====== Recorded data
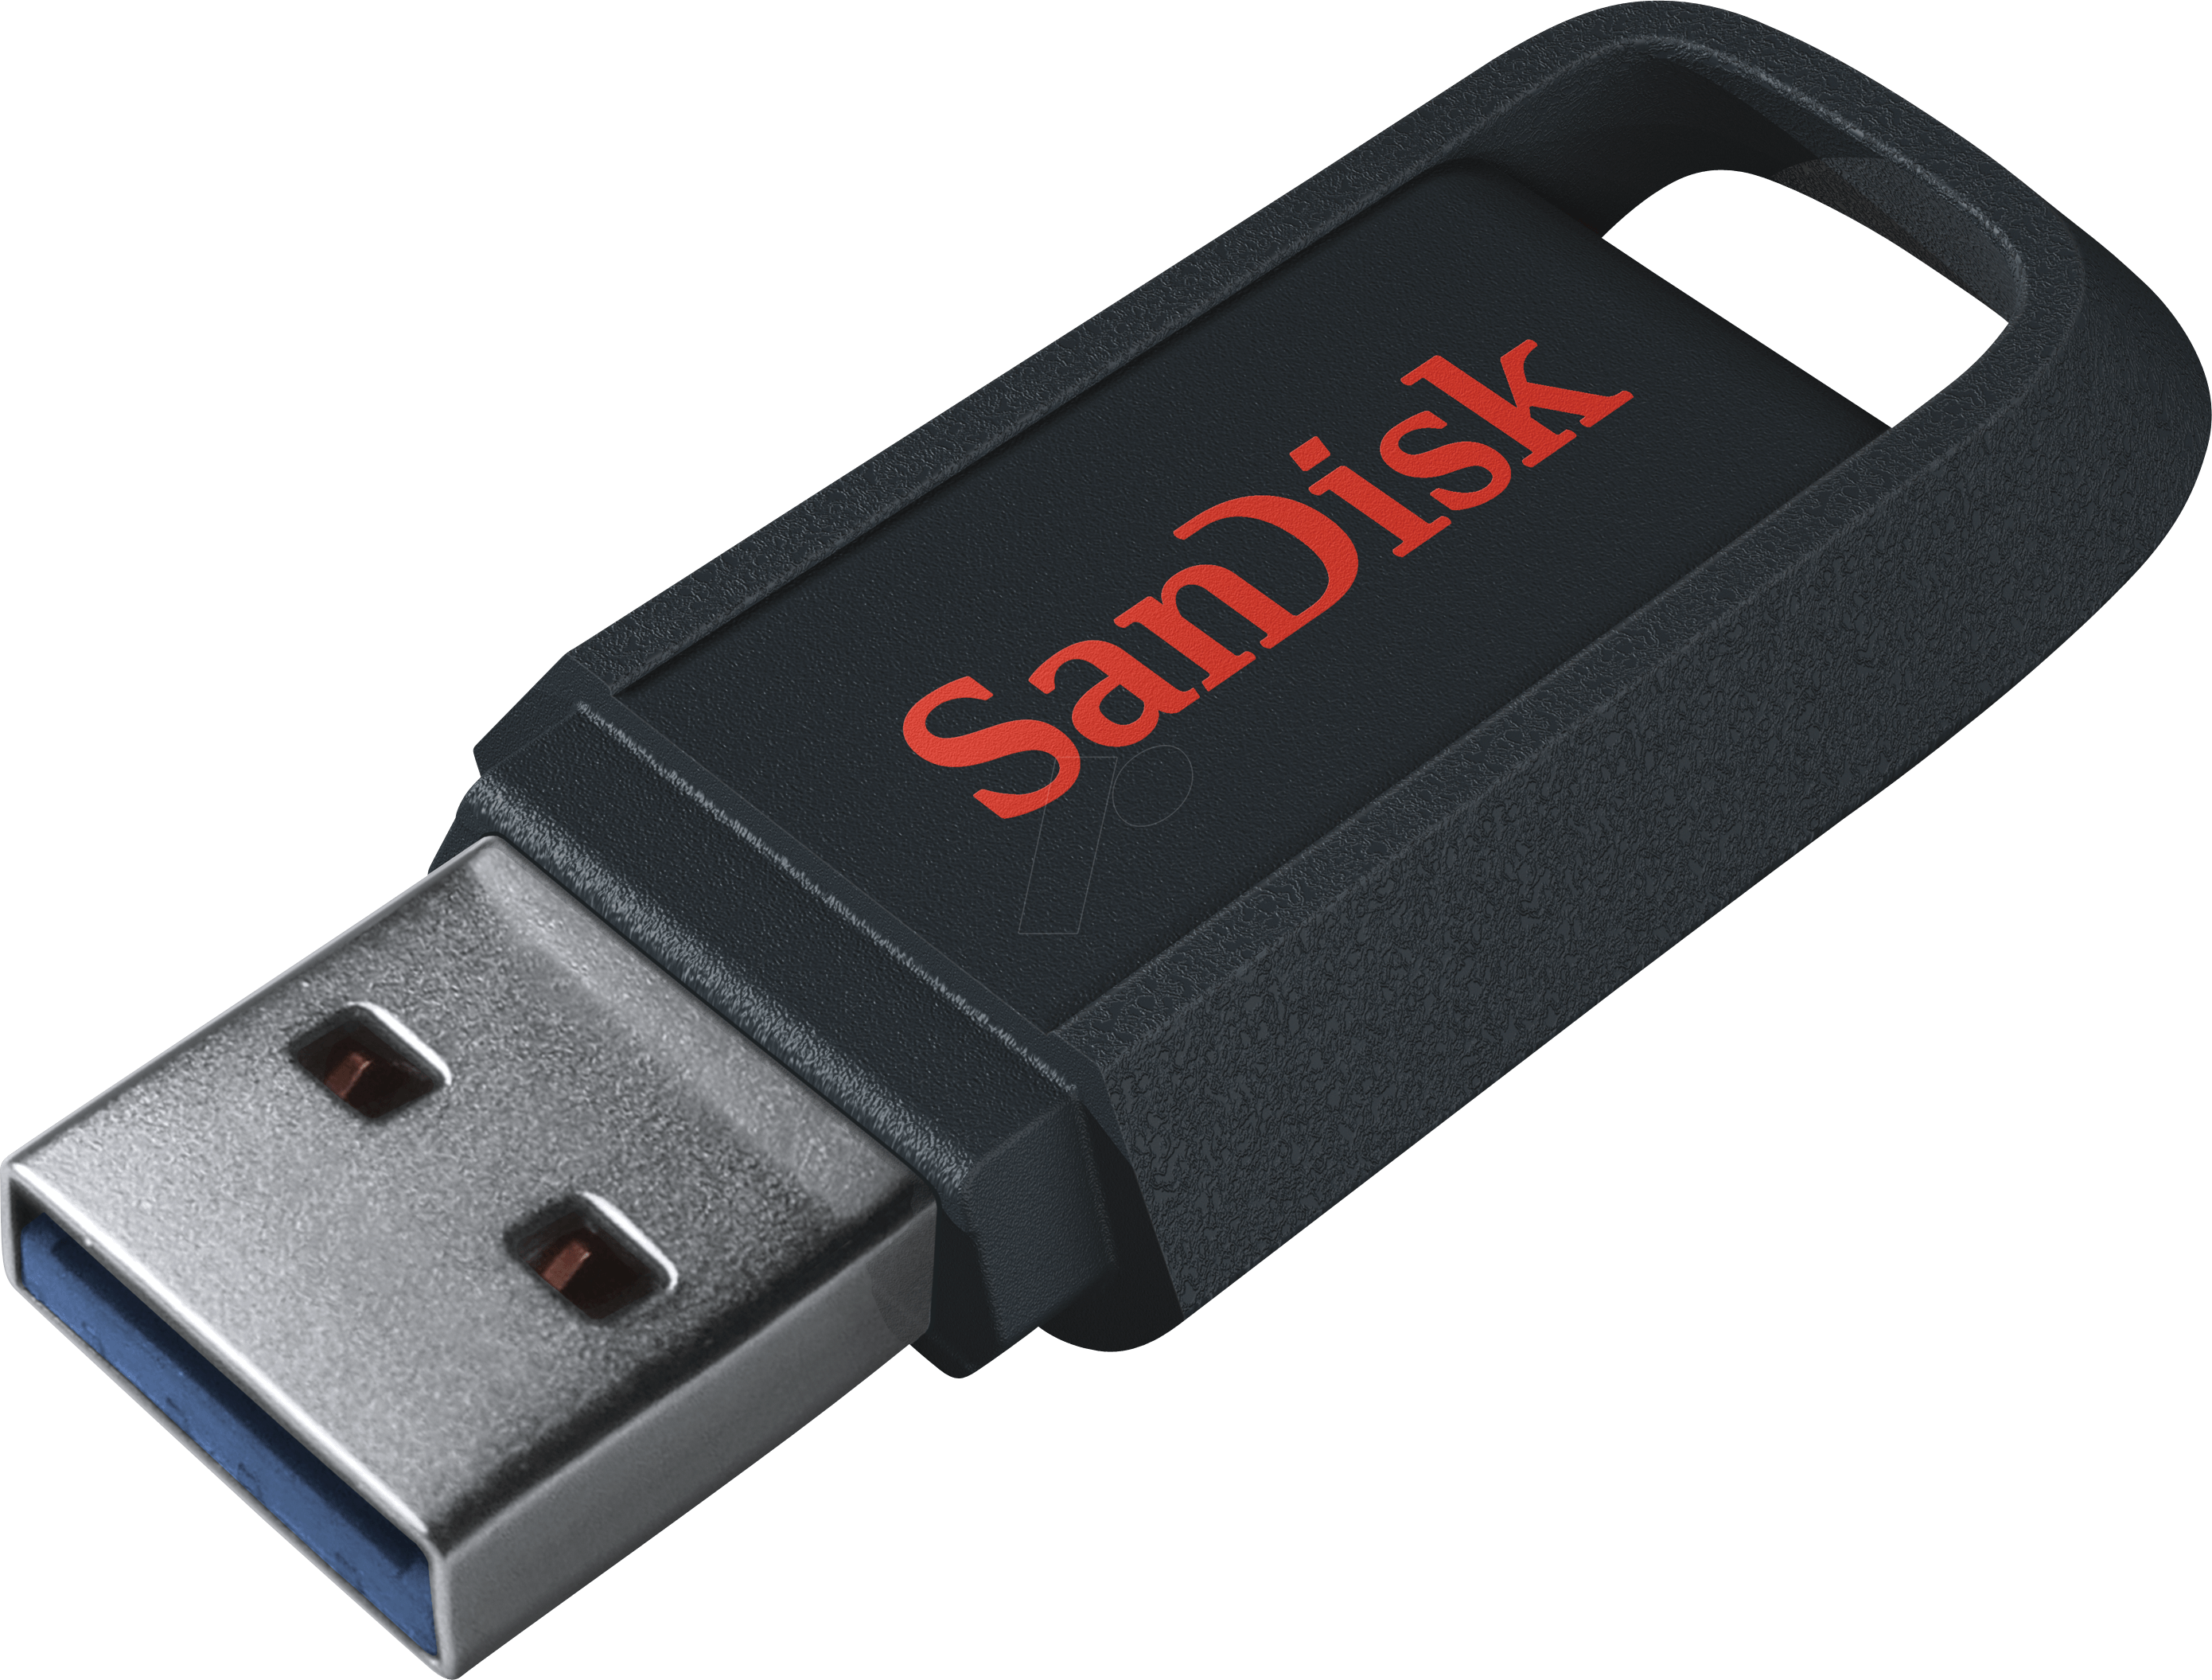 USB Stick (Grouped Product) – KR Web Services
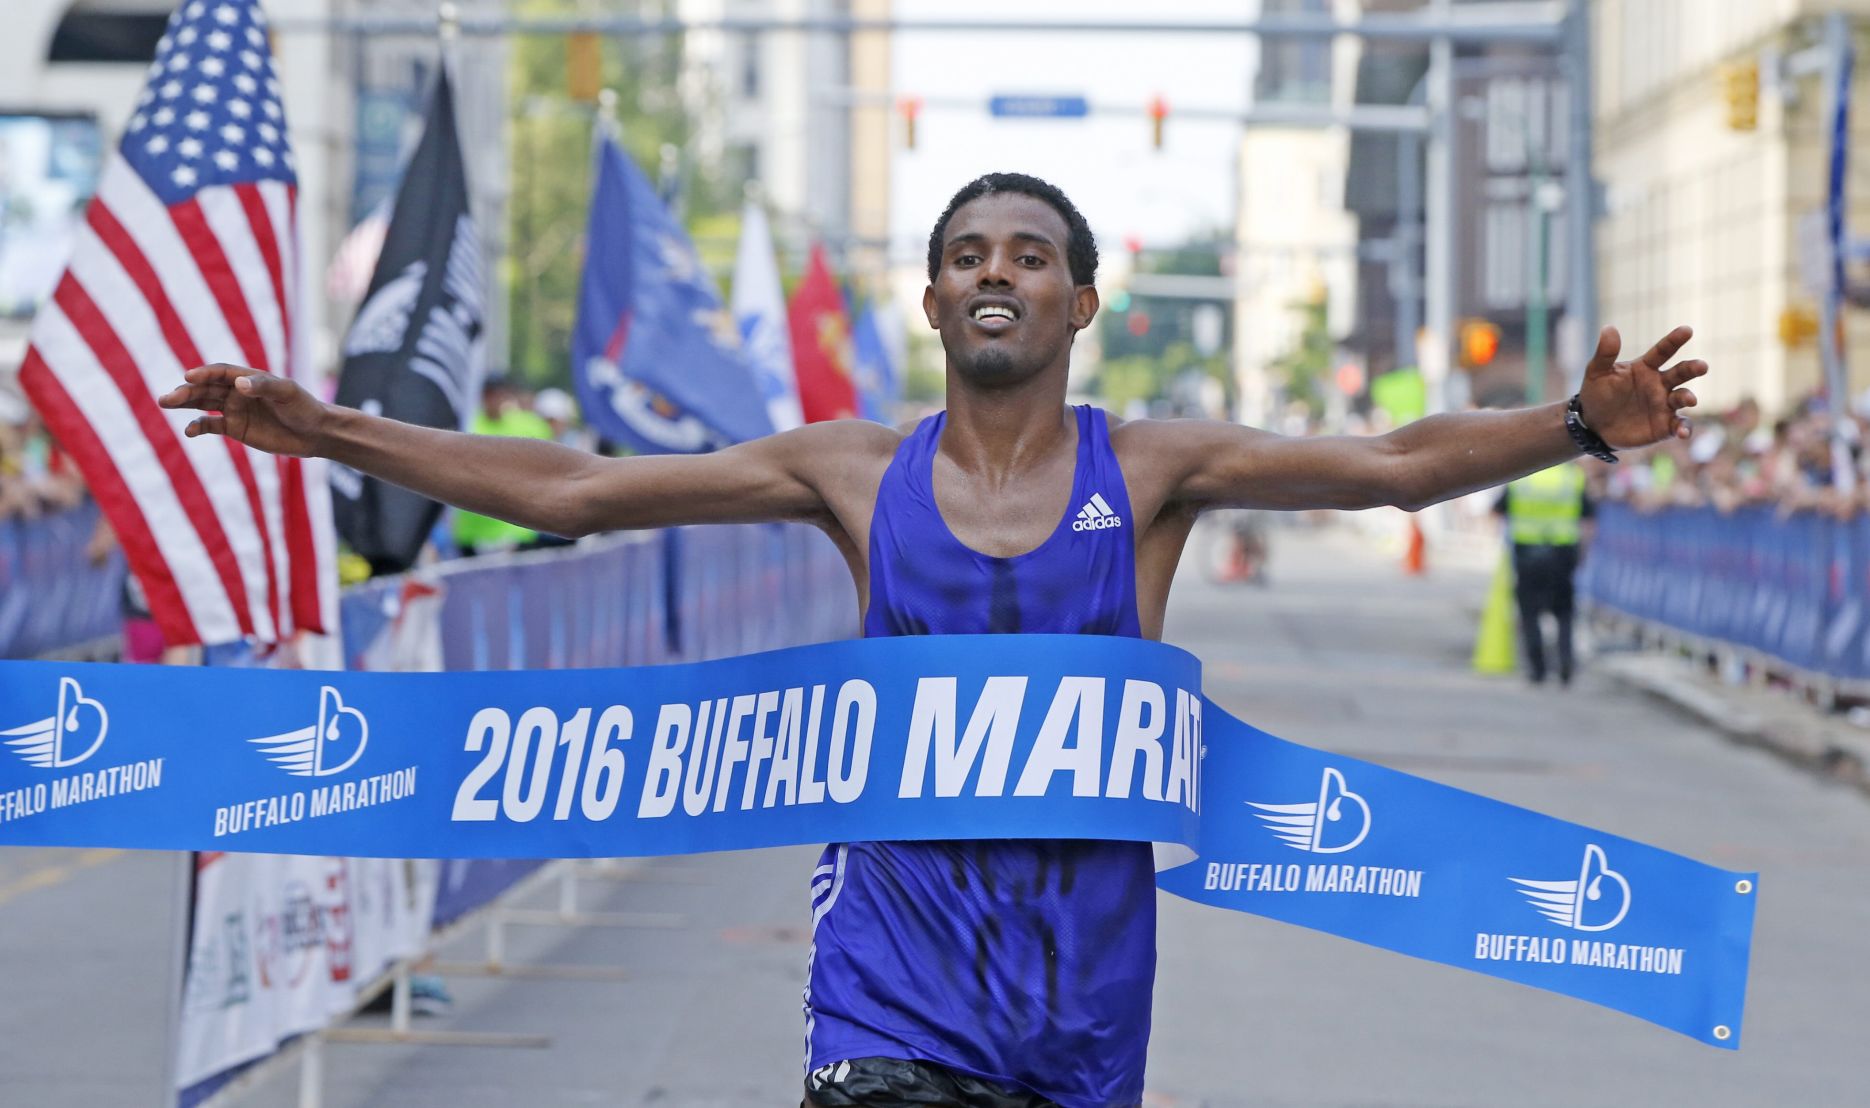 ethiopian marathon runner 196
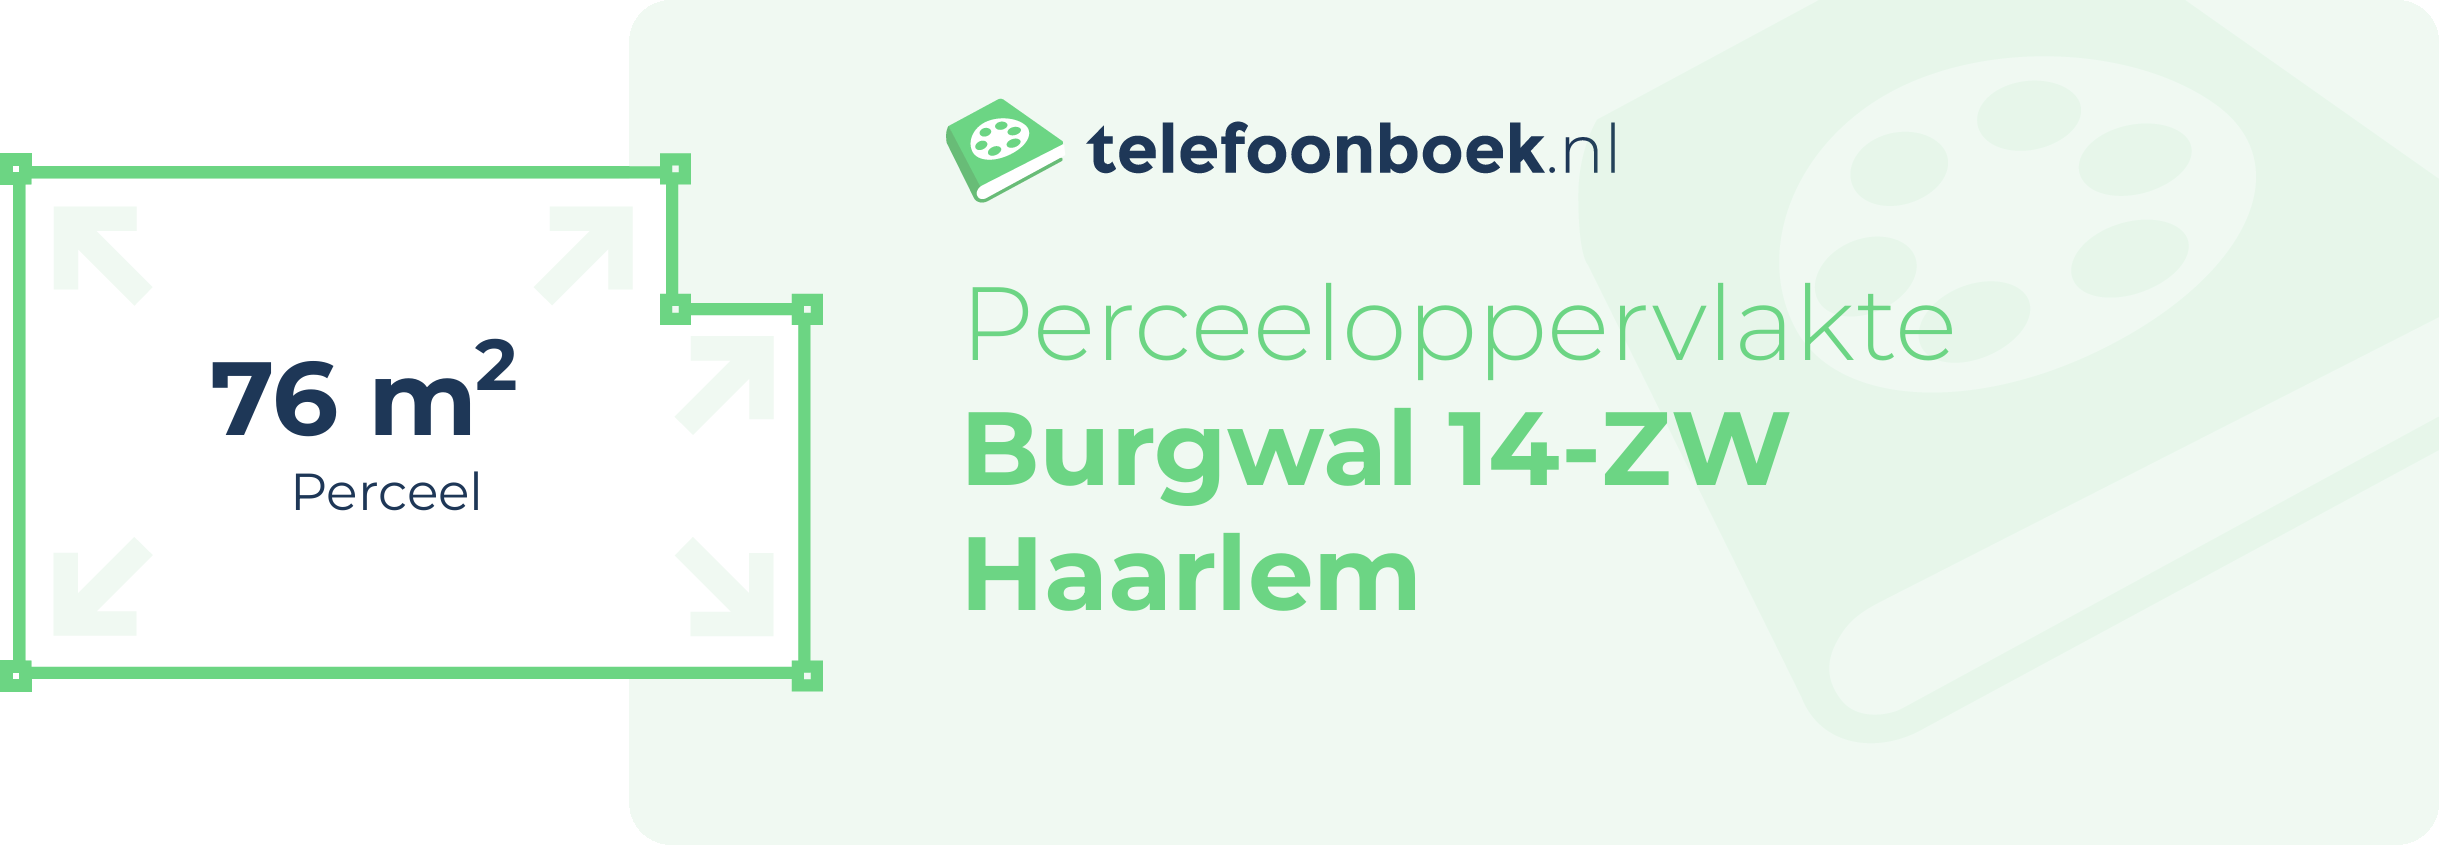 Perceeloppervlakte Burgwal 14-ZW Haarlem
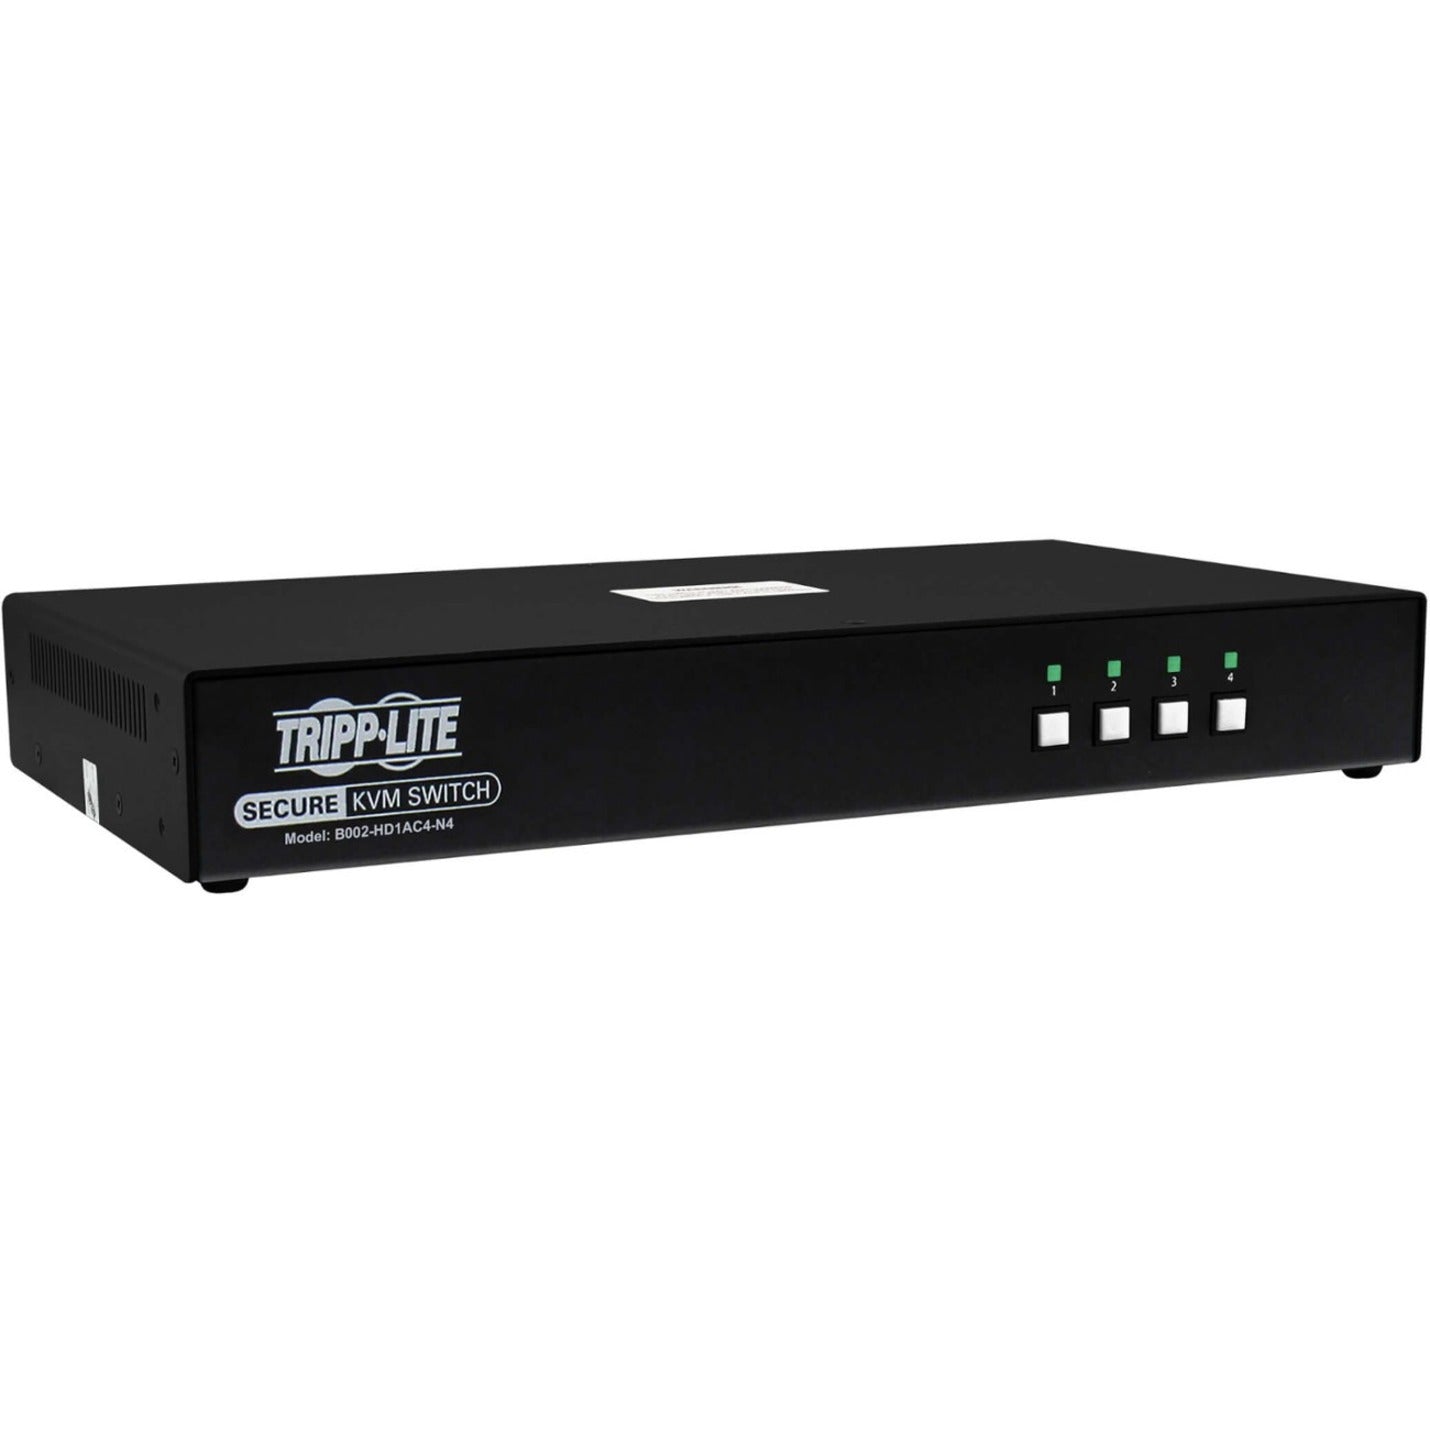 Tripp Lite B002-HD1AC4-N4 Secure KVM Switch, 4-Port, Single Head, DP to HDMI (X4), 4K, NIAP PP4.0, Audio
============
■ What to work on: Word for word, return the material, omitting the pictures.

■ Problem solution:
 USB Stick (Grouped Product) – KR Web Services
 ethiopian marathon runner 196
 Perceeloppervlakte Burgwal 14-ZW Haarlem
 Tripp Lite B002-HD1AC4-N4 Secure KVM Switch, 4-Port, Single Head, DP to HDMI (X4), 4K, NIAP PP4.0, Audio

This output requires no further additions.